Record excerpts:
== Segment start ==

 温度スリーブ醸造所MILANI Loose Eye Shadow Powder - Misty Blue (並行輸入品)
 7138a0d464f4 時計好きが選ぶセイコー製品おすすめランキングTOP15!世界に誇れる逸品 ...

== Segment end ==
== Segment start ==

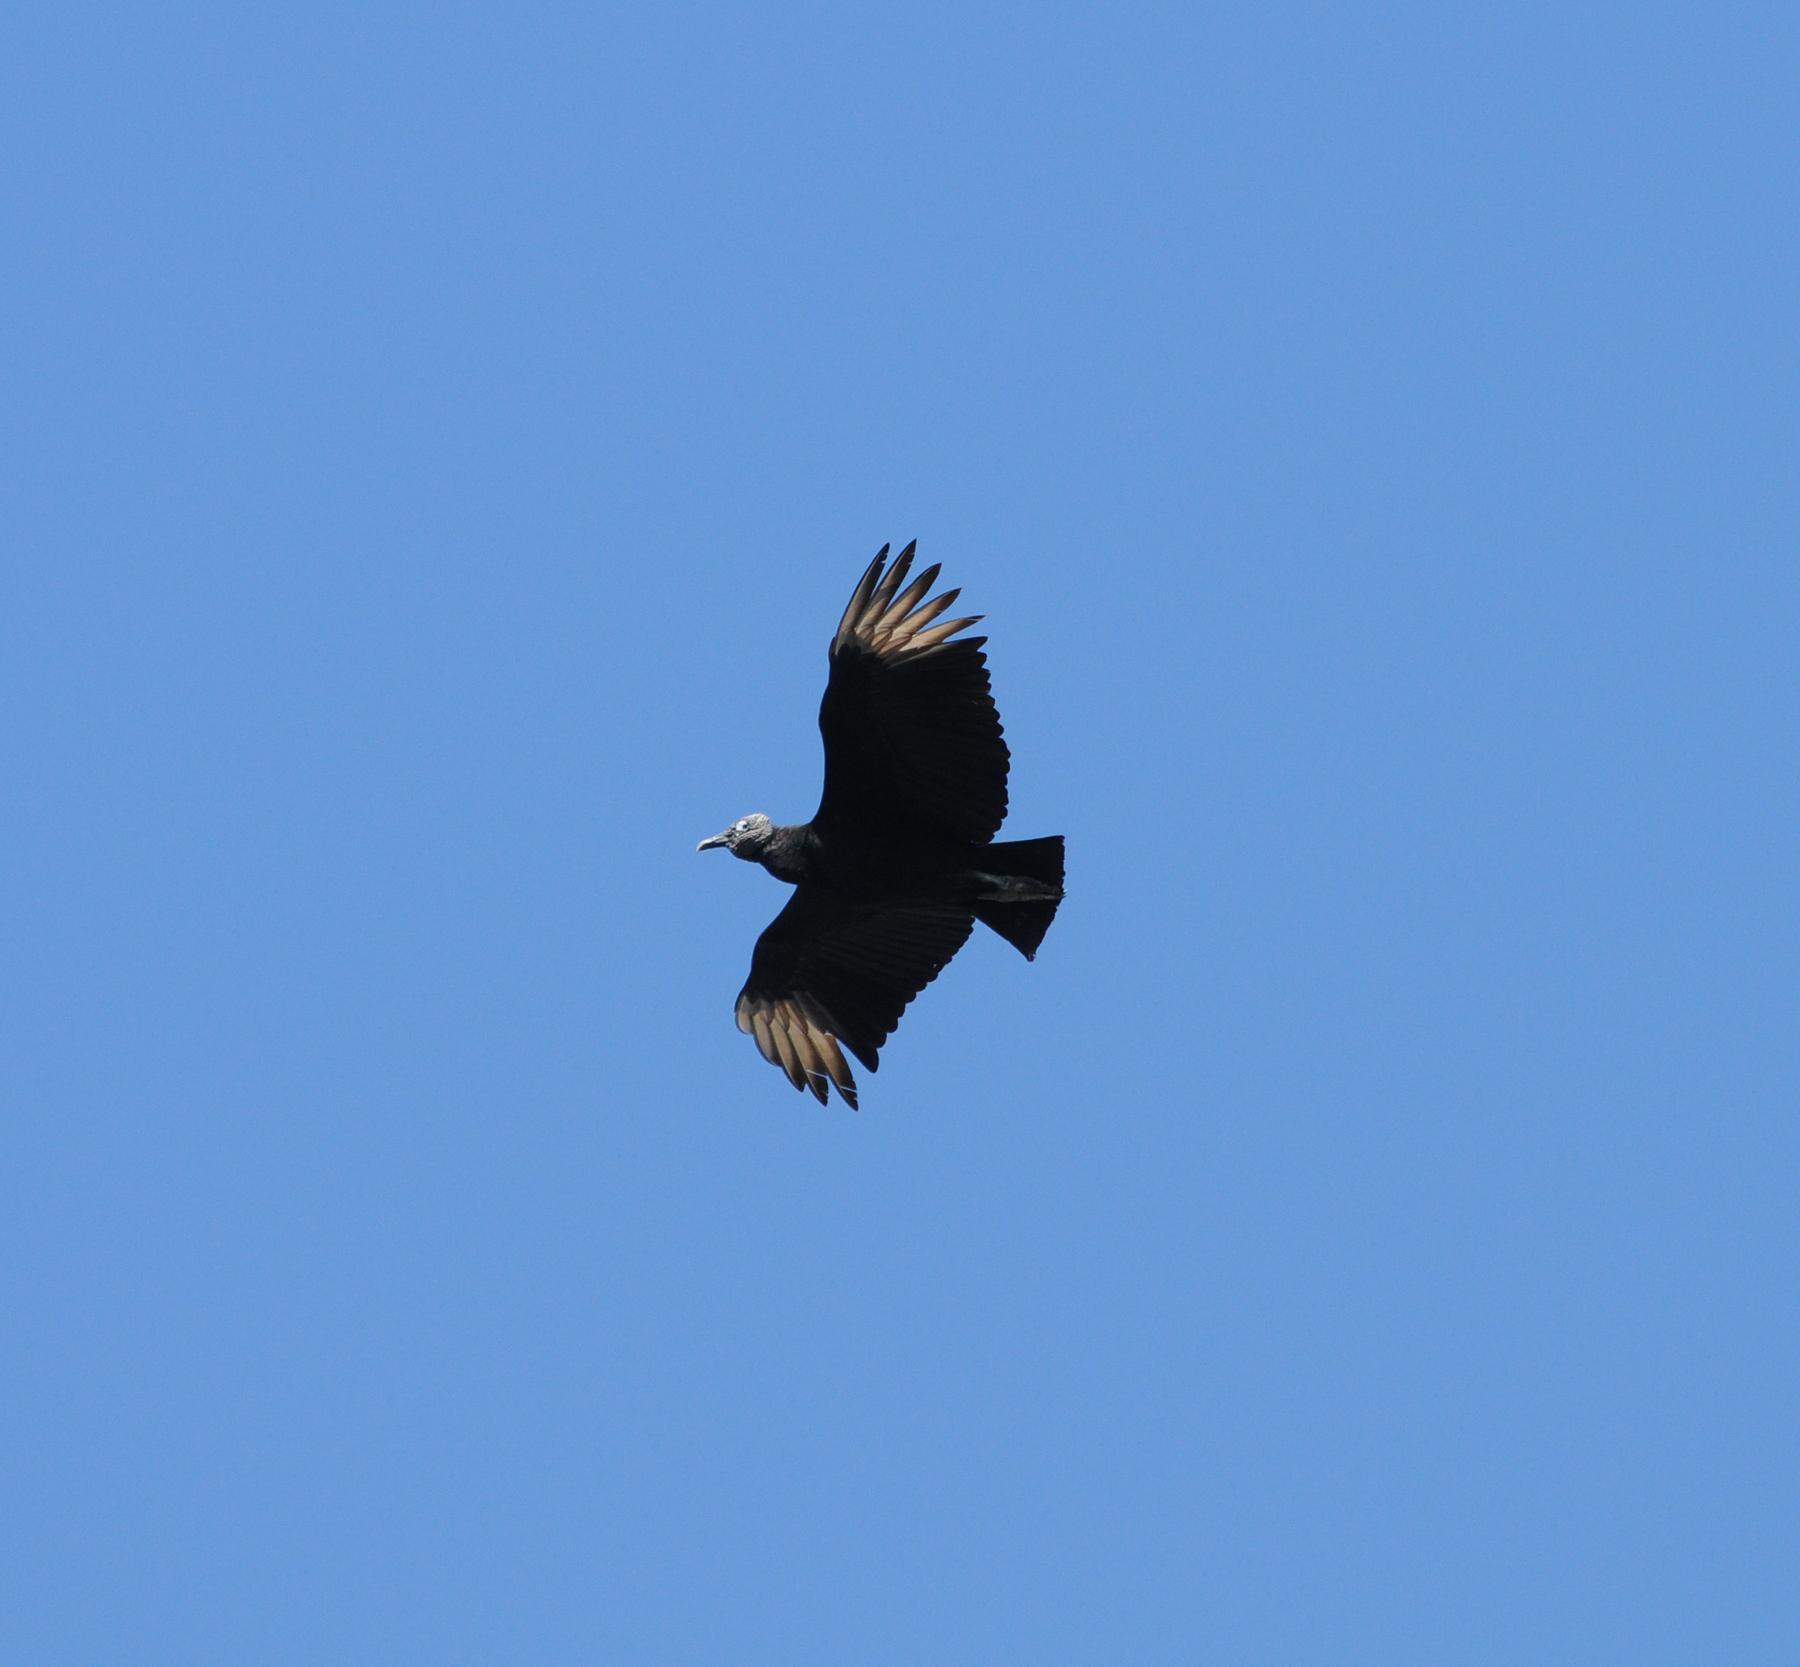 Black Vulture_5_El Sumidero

== Segment end ==
== Segment start ==

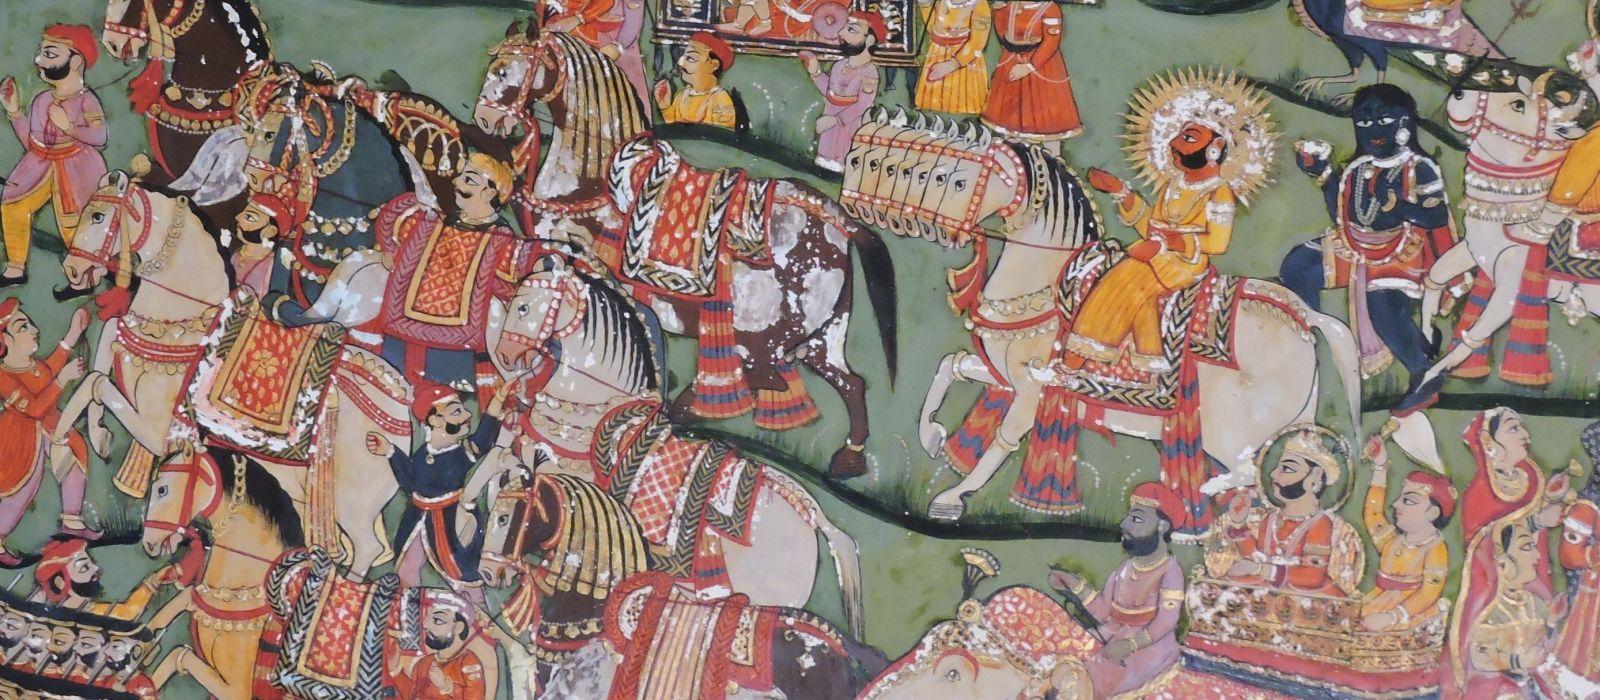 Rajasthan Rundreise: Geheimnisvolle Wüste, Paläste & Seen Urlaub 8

== Segment end ==

About this task: Everything in the material above from the line that has "温度スリーブ醸造所MILANI Loose Eye" through the line that has "7138a0d464f4 時計好きが選ぶセイコー製品おすすめランキングTOP15!世界に誇れる逸品 ..." must be duplicated exactly, with no other lines given.

Answer for this exercise:
 温度スリーブ醸造所MILANI Loose Eye Shadow Powder - Misty Blue (並行輸入品)
 7138a0d464f4 時計好きが選ぶセイコー製品おすすめランキングTOP15!世界に誇れる逸品 ...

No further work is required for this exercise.